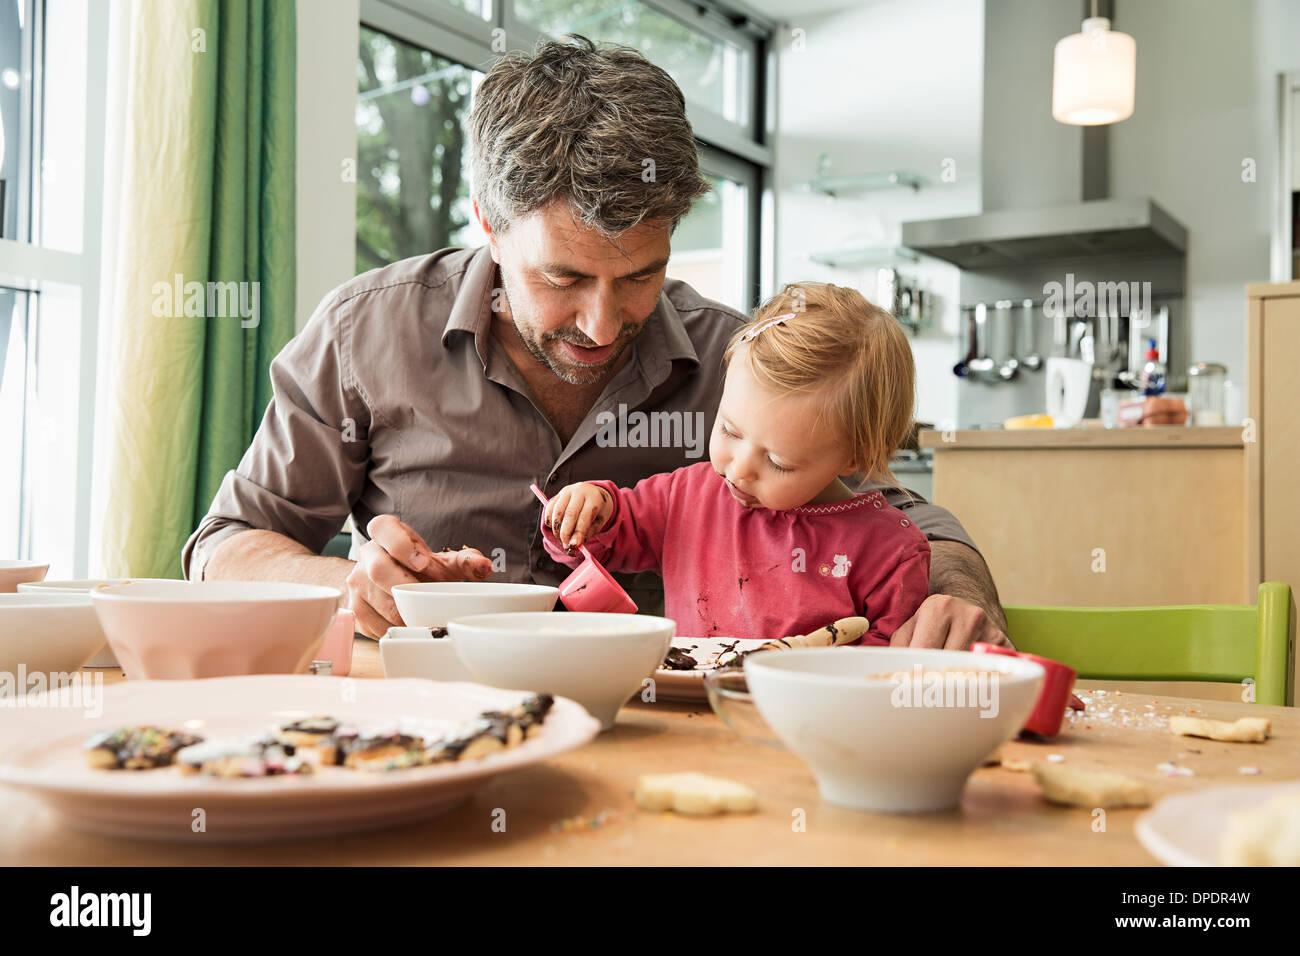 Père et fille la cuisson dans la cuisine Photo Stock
•••
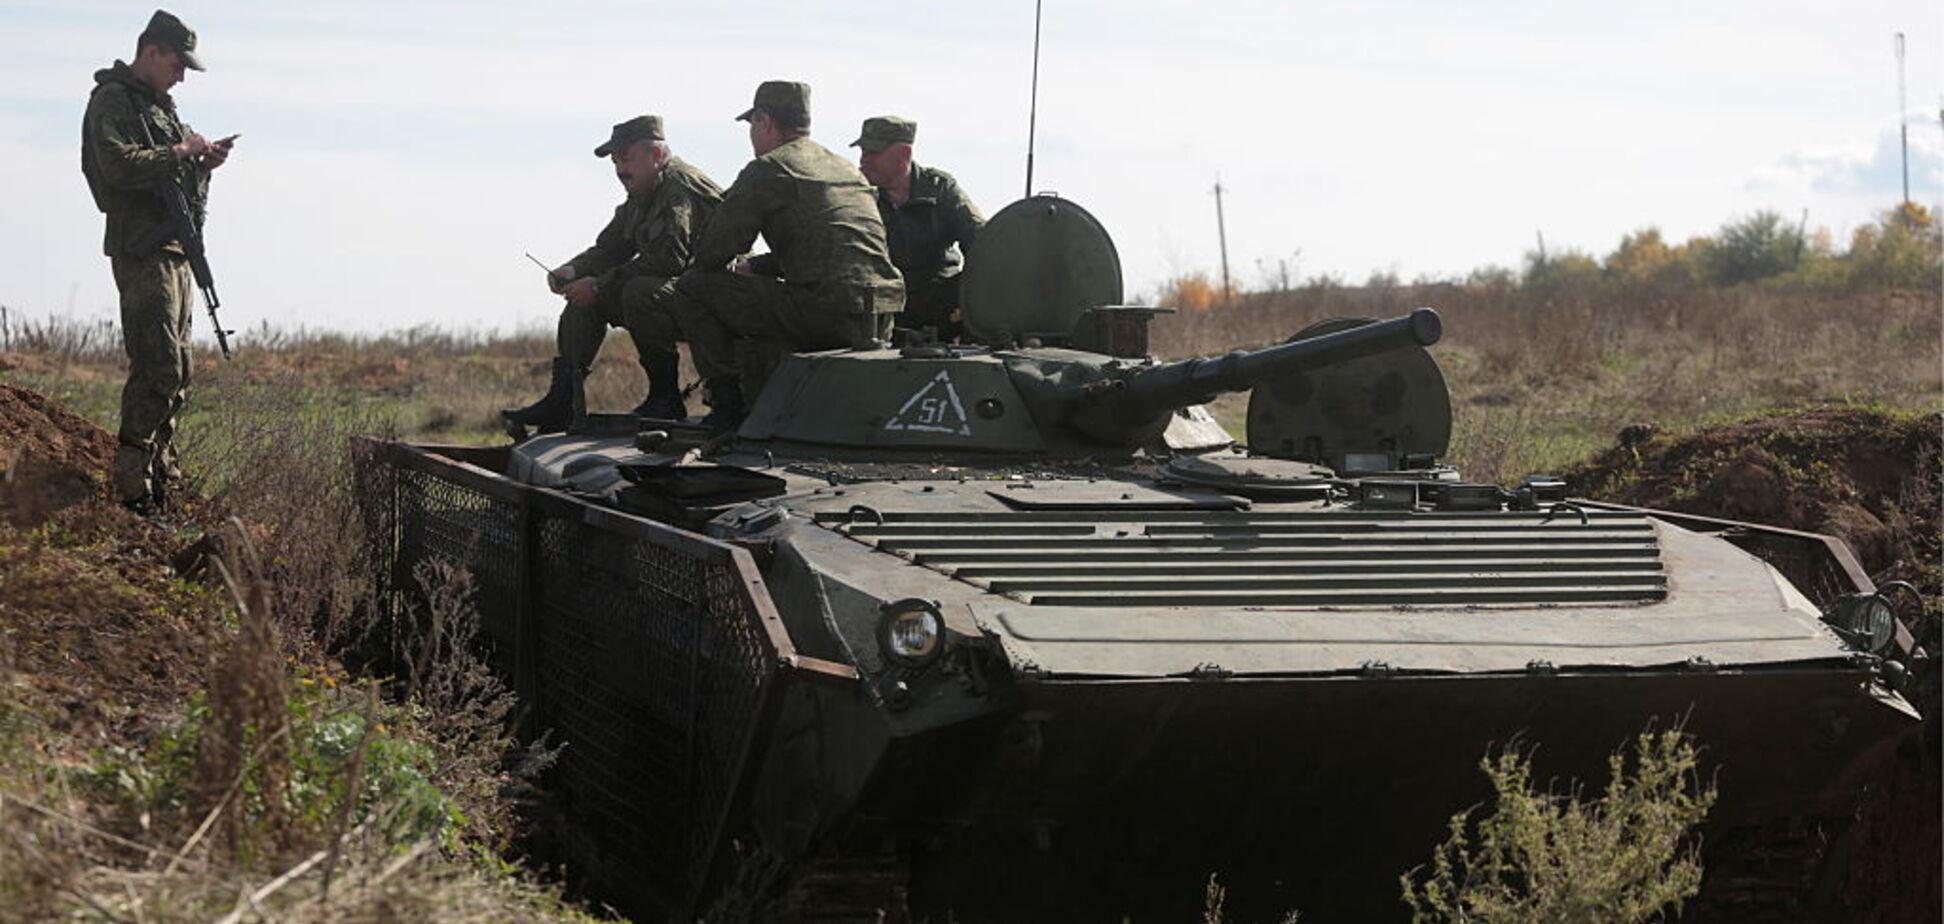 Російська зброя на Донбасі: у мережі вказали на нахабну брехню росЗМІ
•••
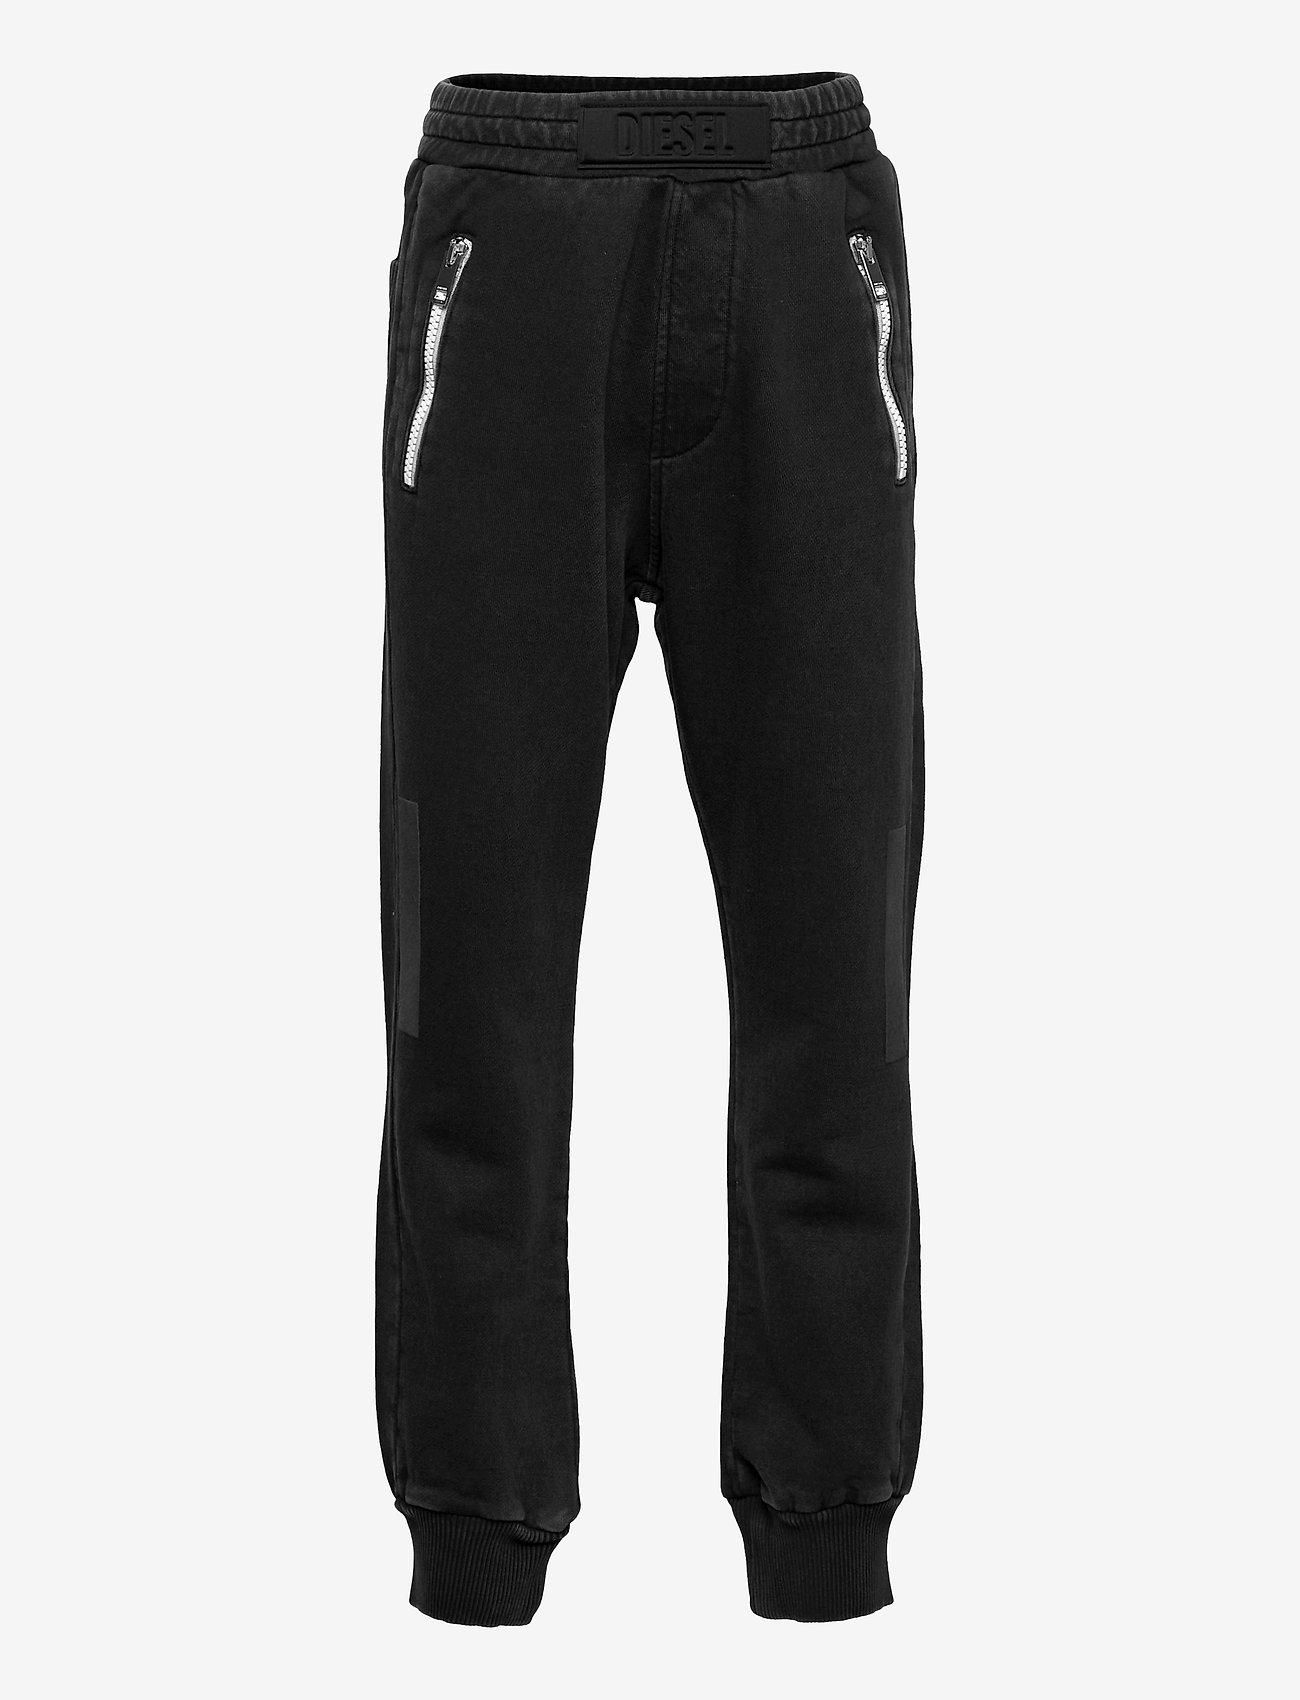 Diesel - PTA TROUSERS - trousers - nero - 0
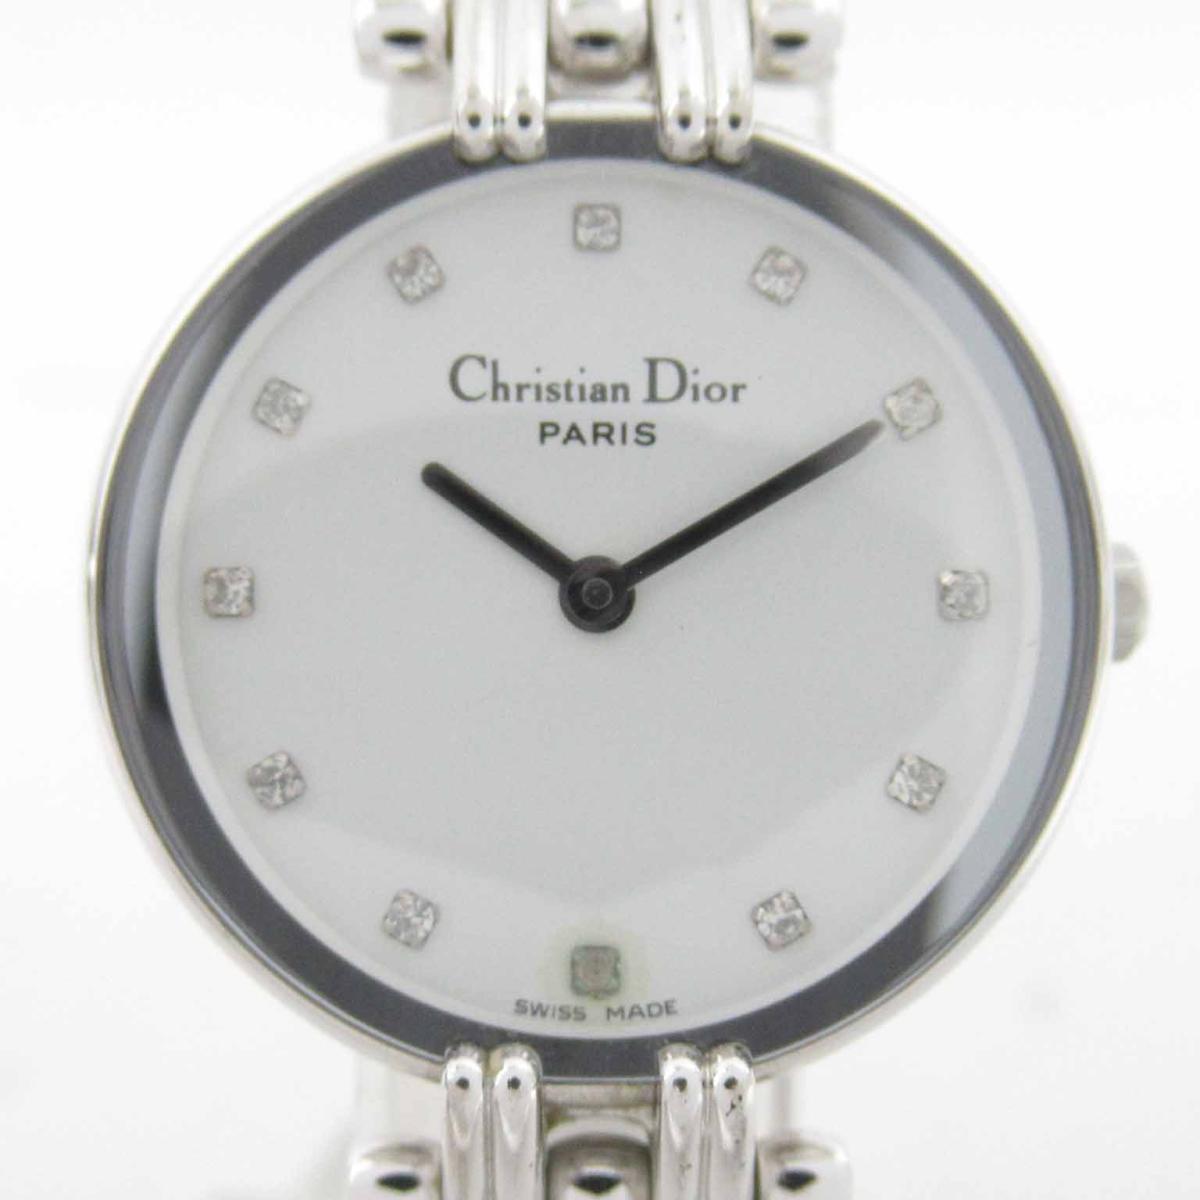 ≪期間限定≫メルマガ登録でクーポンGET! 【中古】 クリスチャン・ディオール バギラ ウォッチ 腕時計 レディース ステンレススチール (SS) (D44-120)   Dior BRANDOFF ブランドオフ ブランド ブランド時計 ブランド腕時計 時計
•••
### THE TASK
Each line above starting at the one holding "Diesel - PTA TROUSERS - trousers - nero - 0" and ending at the one holding "ブランド時計 ブランド腕時計 時計" should be set down exactly as it stands, both ends included, with no pictures.

### ANSWER TO THE EXERCISE
 Diesel - PTA TROUSERS - trousers - nero - 0
 ≪期間限定≫メルマガ登録でクーポンGET! 【中古】 クリスチャン・ディオール バギラ ウォッチ 腕時計 レディース ステンレススチール (SS) (D44-120)   Dior BRANDOFF ブランドオフ ブランド ブランド時計 ブランド腕時計 時計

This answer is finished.